Skip to content

documents

Upload documents to DuckDB, create necessary schema, and index using BM25.

Parameters

  • database (str)

    Name of the DuckDB database.

  • key (str)

    Key identifier for the documents. The key will be renamed to id in the database.

  • fields (str | list[str])

    List of fields to upload from each document. If a single field is provided as a string, it will be converted to a list.

  • documents (list[dict] | str)

    Documents to upload. Can be a list of dictionaries or a Hugging Face (HF) URL string pointing to a dataset.

  • k1 (float) – defaults to 1.5

    BM25 k1 parameter, controls term saturation.

  • b (float) – defaults to 0.75

    BM25 b parameter, controls document length normalization.

  • stemmer (str) – defaults to porter

    Stemming algorithm to use (e.g., 'porter'). The type of stemmer to be used. One of 'arabic', 'basque', 'catalan', 'danish', 'dutch', 'english', 'finnish', 'french', 'german', 'greek', 'hindi', 'hungarian', 'indonesian', 'irish', 'italian', 'lithuanian', 'nepali', 'norwegian', 'porter', 'portuguese', 'romanian', 'russian', 'serbian', 'spanish', 'swedish', 'tamil', 'turkish', or 'none' if no stemming is to be used.

  • stopwords (str | list[str]) – defaults to None

    List of stopwords to exclude from indexing. Can be a custom list or a language string.

  • ignore (str) – defaults to (\.|[^a-z])+

    Regular expression pattern to ignore characters when indexing. Default ignore punctuation and non-alphabetic characters.

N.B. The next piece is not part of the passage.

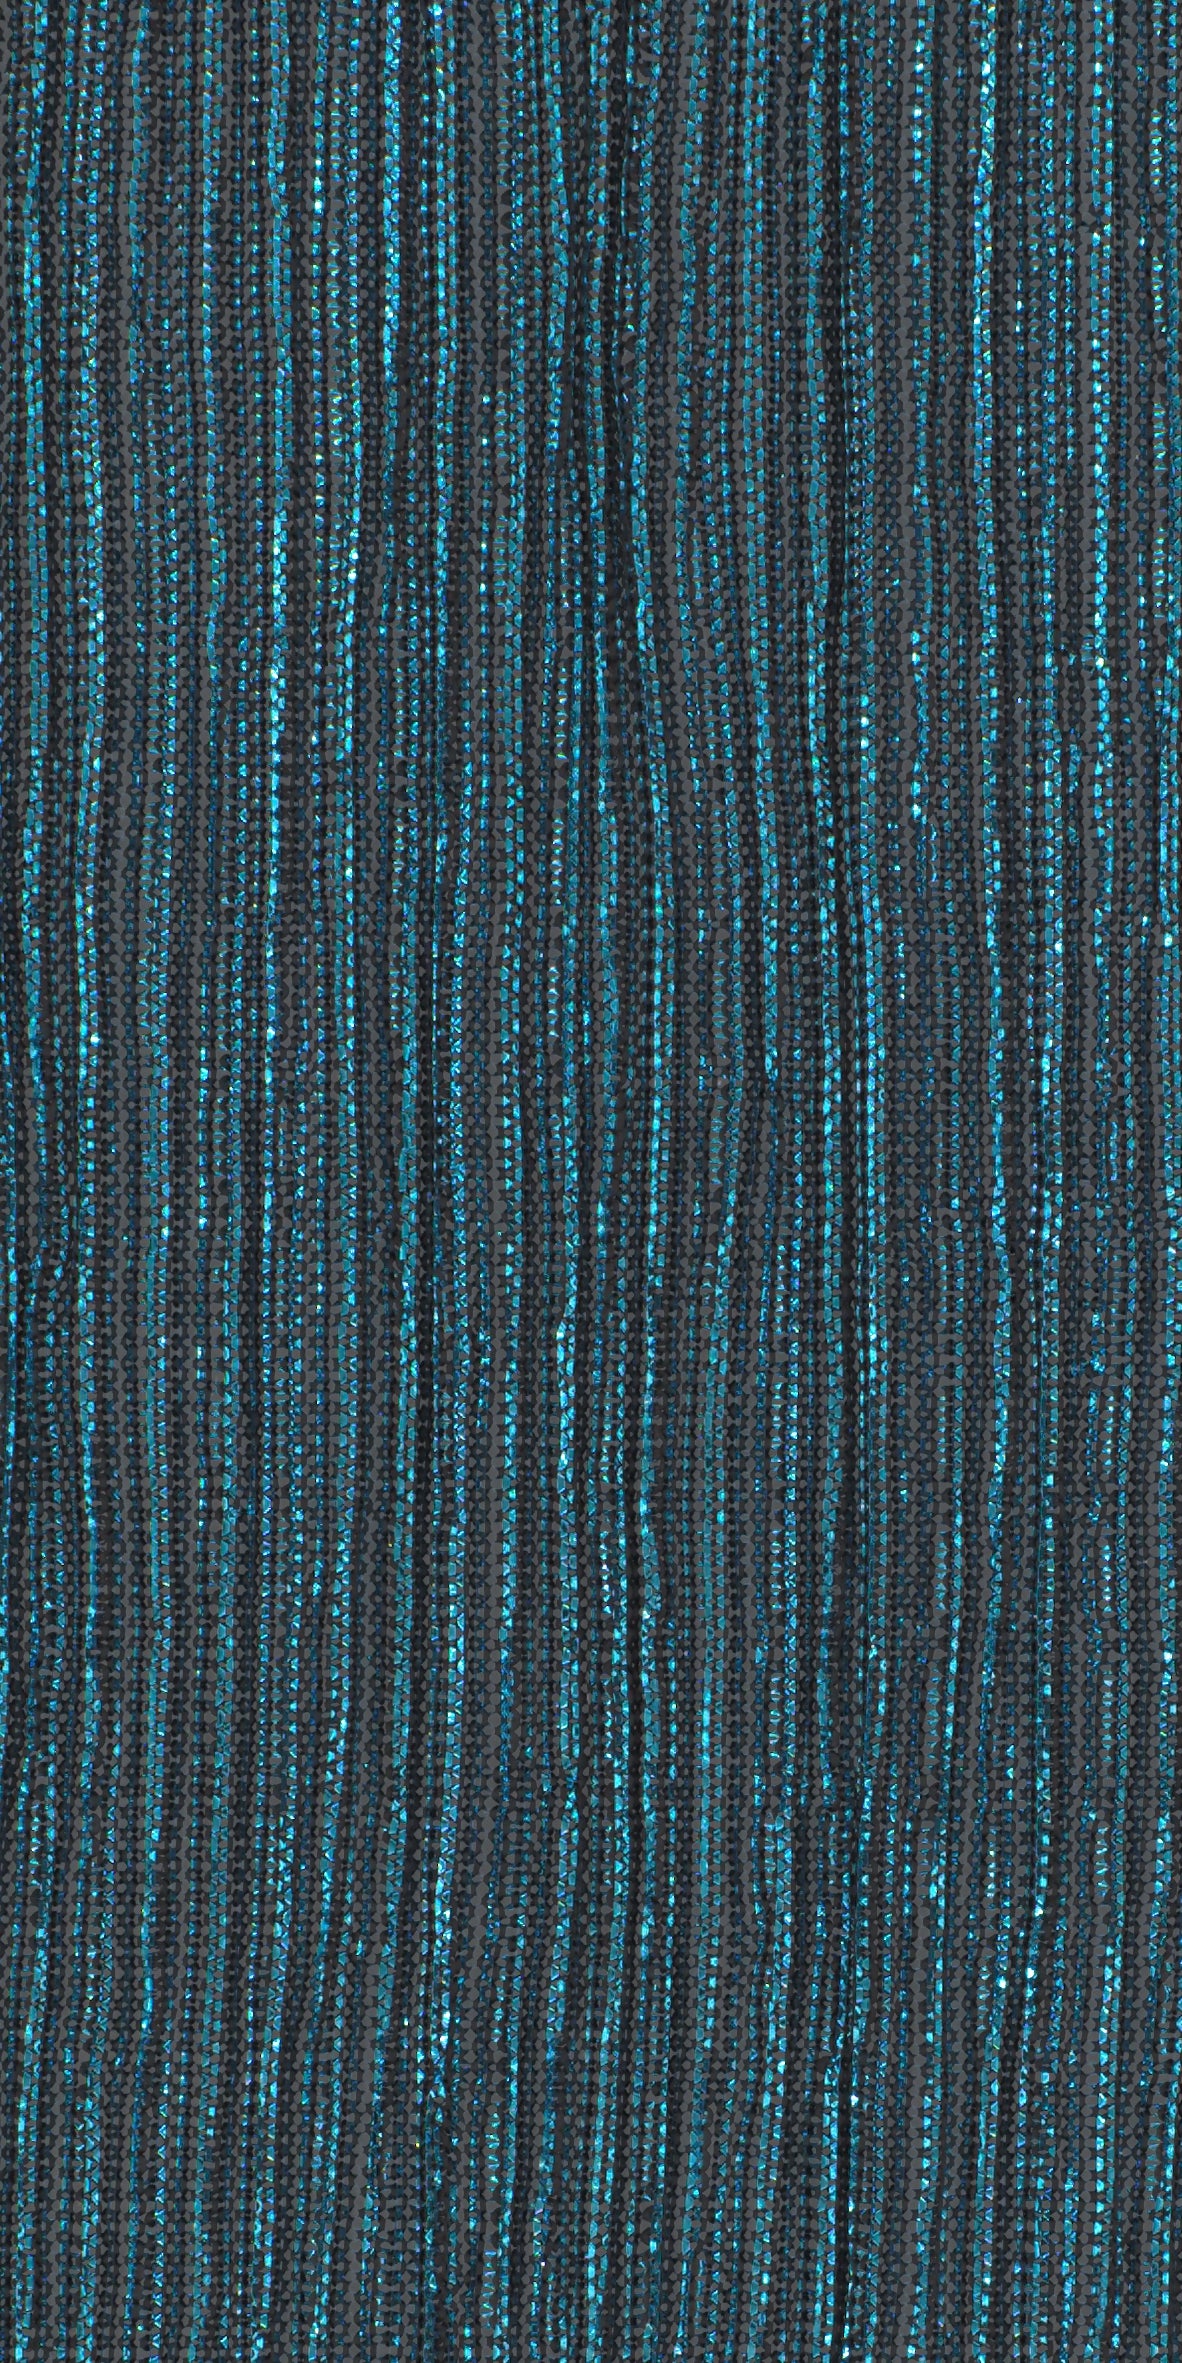 12006-03 Dark Turqoise Black Metallic Pleat Plain Dyed Blend 126g/yd 56" black blend blue knit metallic plain dyed pleat ppl new Metallic, Pleat - knit fabric - woven fabric - fabric company - fabric wholesale - fabric b2b - fabric factory - high quality fabric - hong kong fabric - fabric hk - acetate fabric - cotton fabric - linen fabric - metallic fabric - nylon fabric - polyester fabric - spandex fabric - chun wing hing - cwh hk - fabric worldwide ship - 針織布 - 梳織布 - 布料公司- 布料批發 - 香港布料 - 秦榮興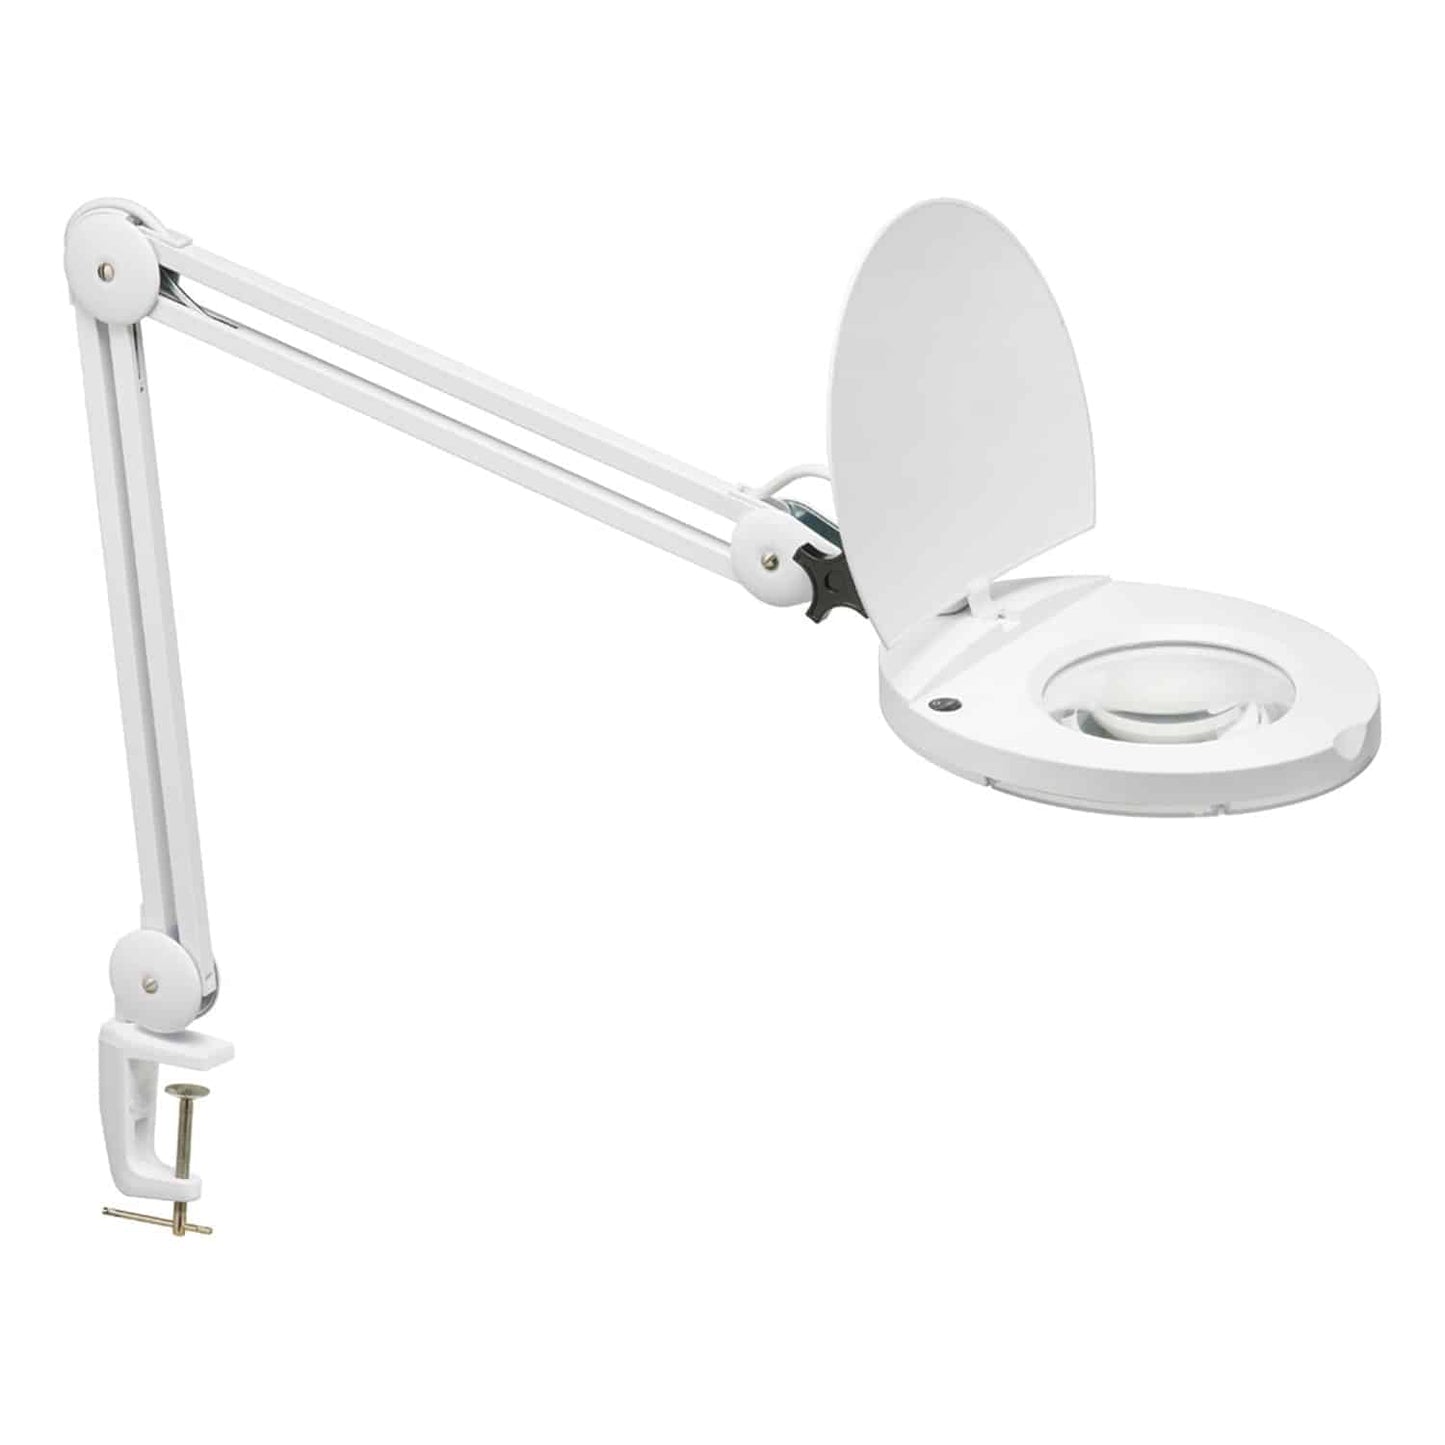 Dainolite DMLED10-A-5D-WH 8W LED Magnifier Lamp, White Finish

  • strip_accents (bool) – defaults to True

    Whether to remove accents from characters during indexing.

  • lower (bool) – defaults to True

  • batch_size (int) – defaults to 30000

    Number of documents to process per batch.

  • n_jobs (int) – defaults to -1

    Number of parallel jobs to use for uploading documents. Default use all available processors.

  • dtypes (dict[str, str] | None) – defaults to None

  • config (dict | None) – defaults to None

    Optional configuration dictionary for the DuckDB connection and other settings.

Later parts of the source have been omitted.